**PROBLEM STATEMENT:**
Extract the whole listing as it stands. Do not include the pictures.

(Beginning of RAW DATA)

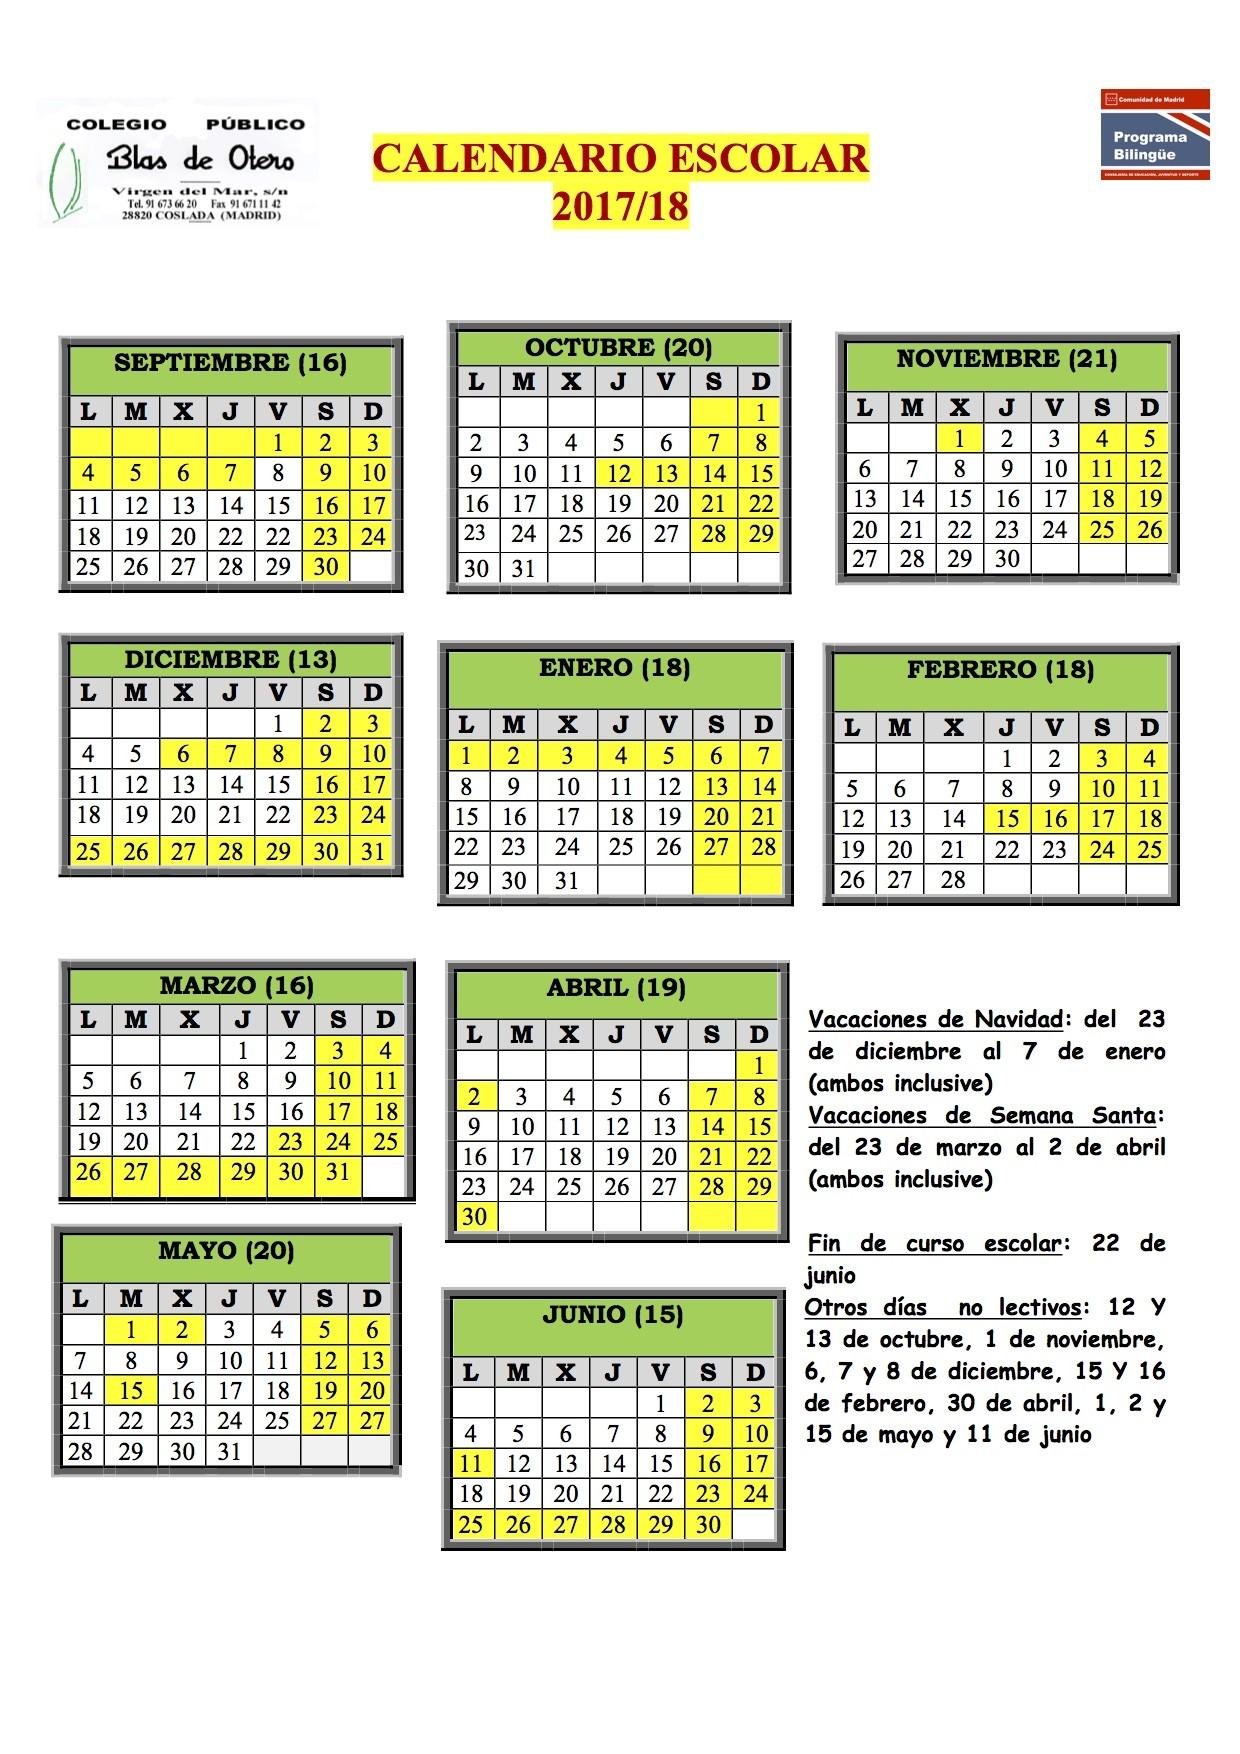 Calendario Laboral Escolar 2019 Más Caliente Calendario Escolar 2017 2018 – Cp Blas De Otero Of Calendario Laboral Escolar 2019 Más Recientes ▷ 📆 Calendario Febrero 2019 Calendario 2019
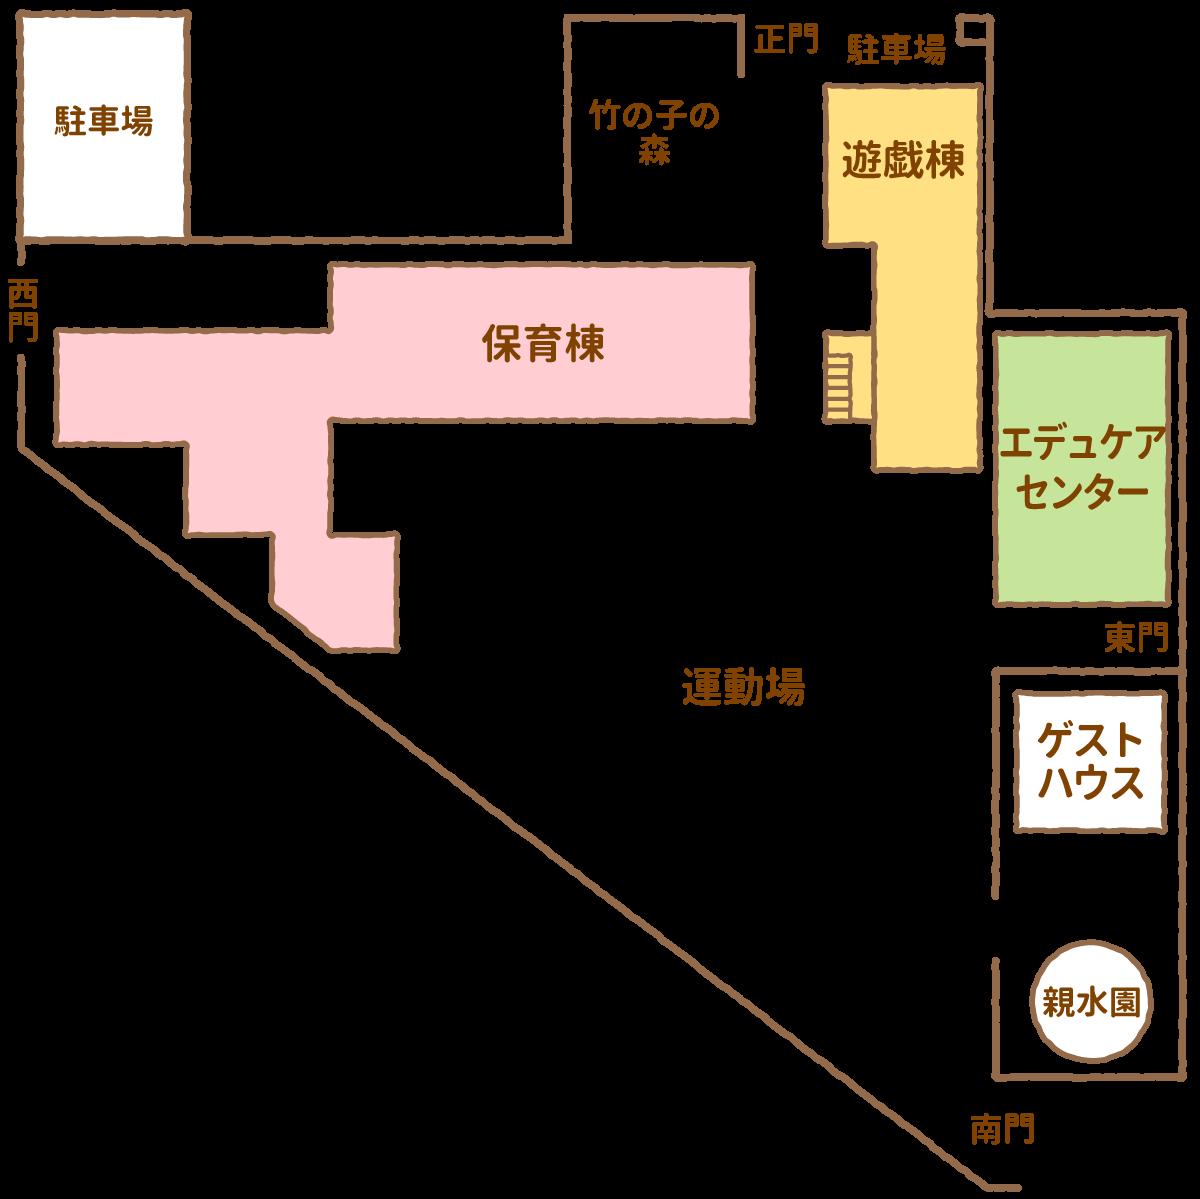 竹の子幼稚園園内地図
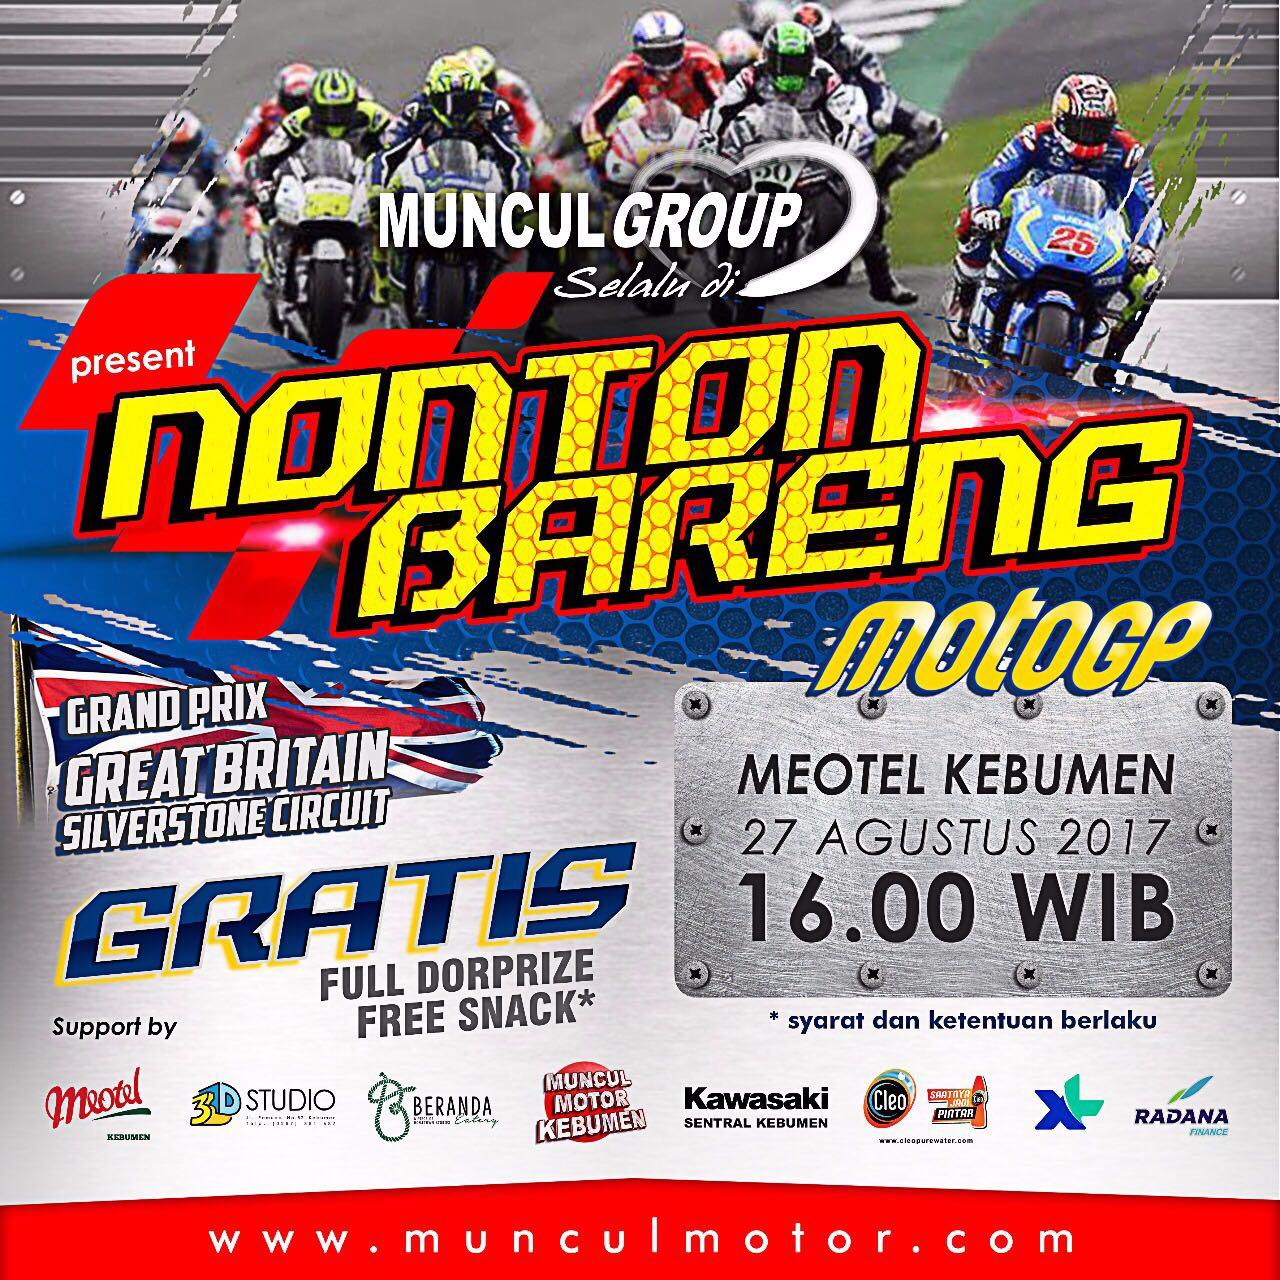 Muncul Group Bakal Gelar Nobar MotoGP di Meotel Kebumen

(End of RAW DATA)

**RESPONSE AREA:**
 Calendario Laboral Escolar 2019 Más Caliente Calendario Escolar 2017 2018 – Cp Blas De Otero Of Calendario Laboral Escolar 2019 Más Recientes ▷ 📆 Calendario Febrero 2019 Calendario 2019
 竹の子幼稚園園内地図
 Muncul Group Bakal Gelar Nobar MotoGP di Meotel Kebumen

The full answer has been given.